During the second part of the interview, participants were asked about the three themes: (i) funding for genomic testing; (ii) how genomics necessitates new ways of working; and iii) how genomic medicine can give rise to unpredicted or unintended consequences. These themes were identified from findings of the scoping and critical review of implementation, and previous interviews as issues that are strongly linked to the practice of genomics, have a high impact on implementation outcomes, and generate much discussion. Questions were open-ended, stating the theme (funding, new ways of working, and unintended or unpredictable consequences) then asking for the participants’ thoughts. Interviewees were not directly prompted to identify or discuss features of complexity such as feedback loops or interdependencies. Interview schedule is supplied as Additional file 1.
Analysis
Data from the first part of the recorded interviews together with the pictures the participants drew on and amended were used to further develop the rich picture; moving components around, adding interactions, feedback loops and barriers, or additional stakeholders. This was done by one researchers (HG) and then discussed and ratified by the larger team.

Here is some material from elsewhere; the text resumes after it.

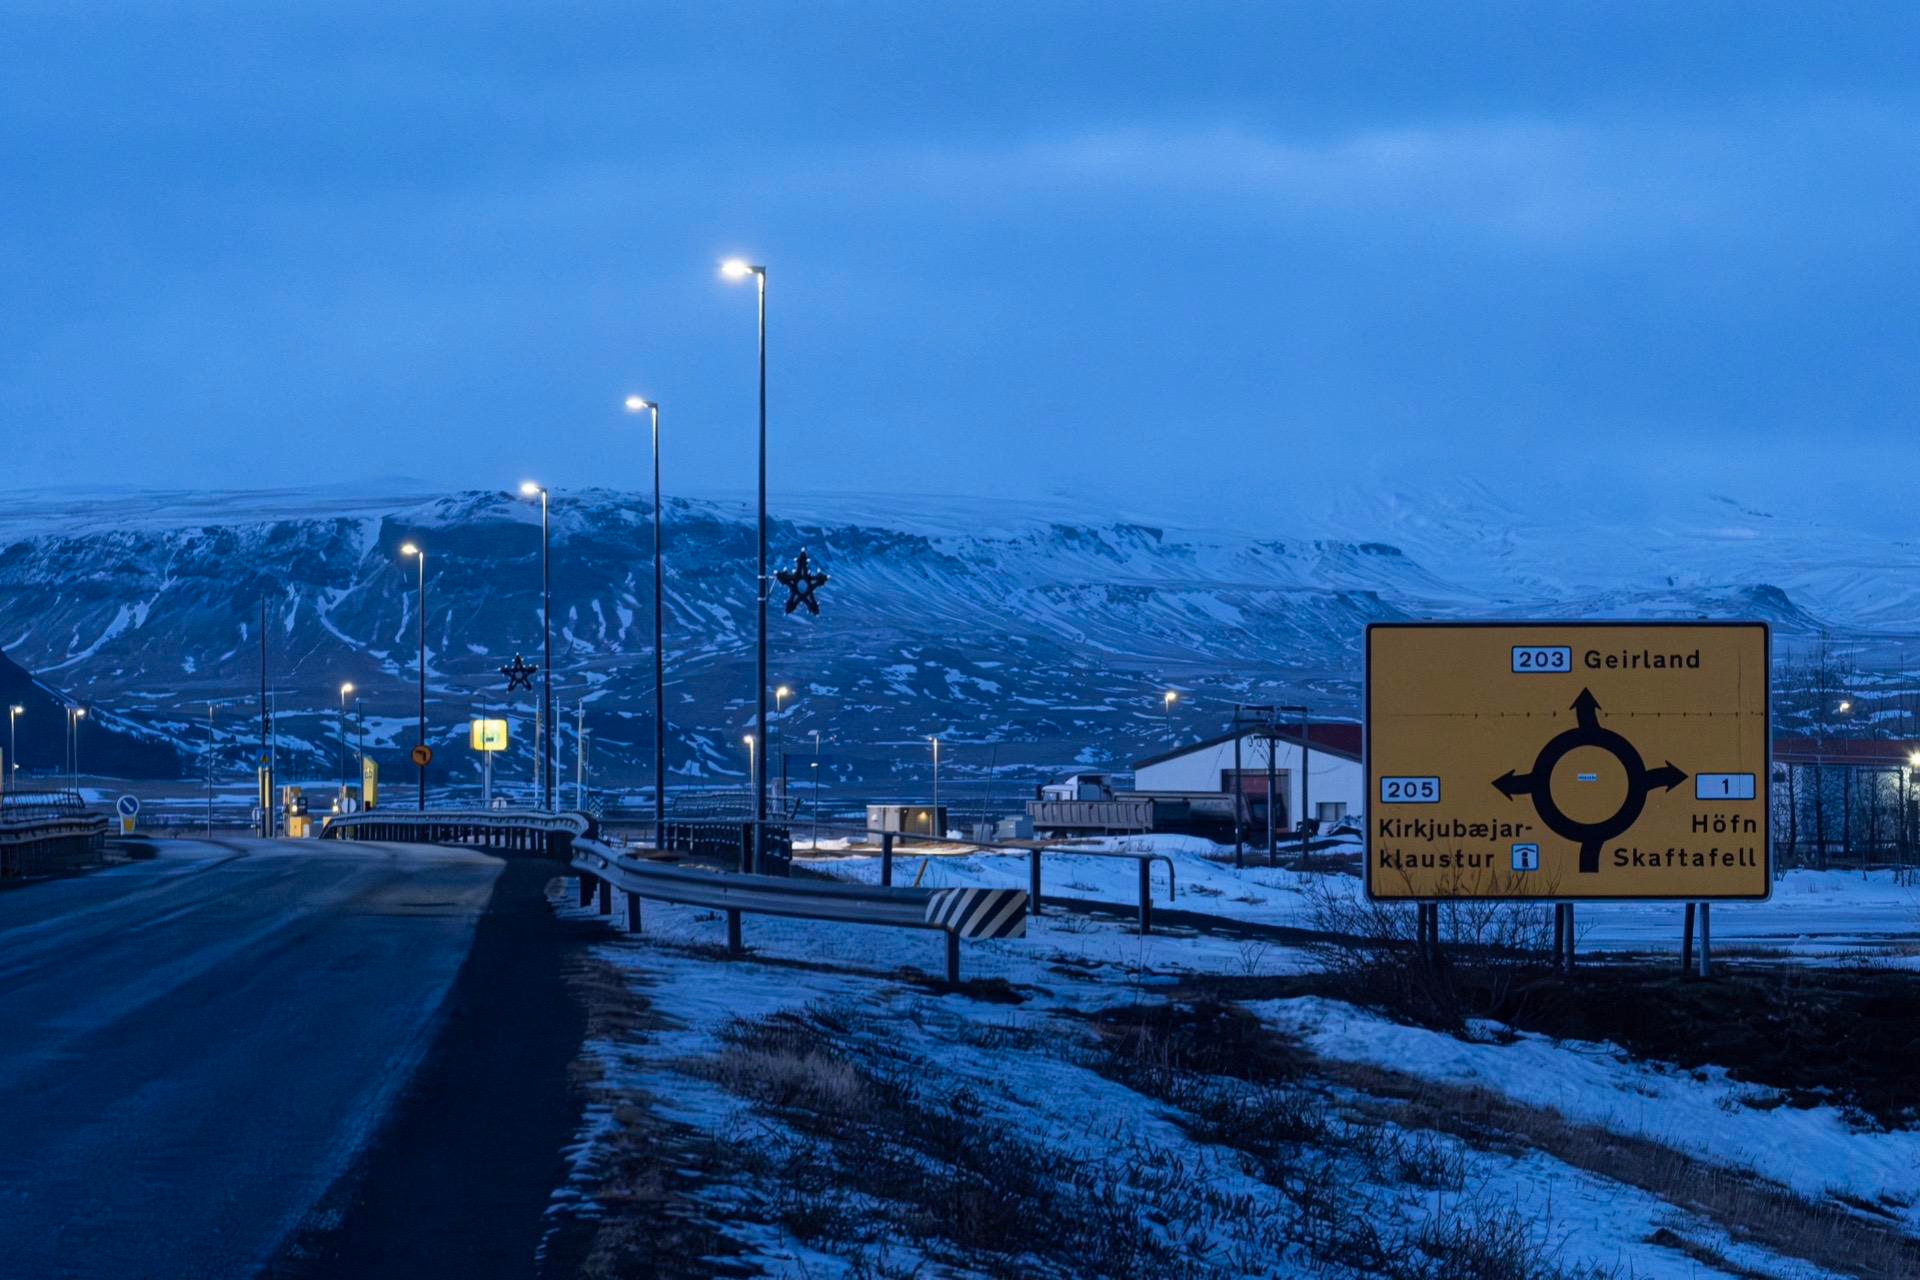 这里是冰岛南岸一号公路上的一座小镇，名叫教堂镇，这里只有两百多人口,淳朴善良好客,每天蓝调时分的教堂

We then interrogated the components and interactions within the resulting rich picture individually and collectively for evidence of complexity using a framework of features associated with CAS. The framework used was developed and adapted from our previous work in complex systems [3, 29,30,31]. Two researchers (HG and JL) undertook this work before discussion and refinement with the larger team. In the next step, the three themes of interest (mentioned above) from the second part of the recorded interviews were transcribed and analysed. Data was coded using the same framework of CAS features as used above. Coding was undertaken by three researchers (HG, EM and JL) and then discussed, refined and validated with the larger team (SB, HA, KC, LE, JB). Wherever possible, CAS features from the interviews were also added to the rich picture. This provided more detail and illustrative stories around components in the rich picture. The evidence gained from the study was compiled and ways we could leverage naturally emergent network phenomena and strategically drive useful outcomes were considered.
Ethics and governance
This work was funded by Australian Genomic Health Alliance and the Murdoch Children’s Research Institute. It received approval from Macquarie University Human Research Ethics Committee (Ref: 5201701186) and was endorsed as an Australian Genomics member activity by the executive.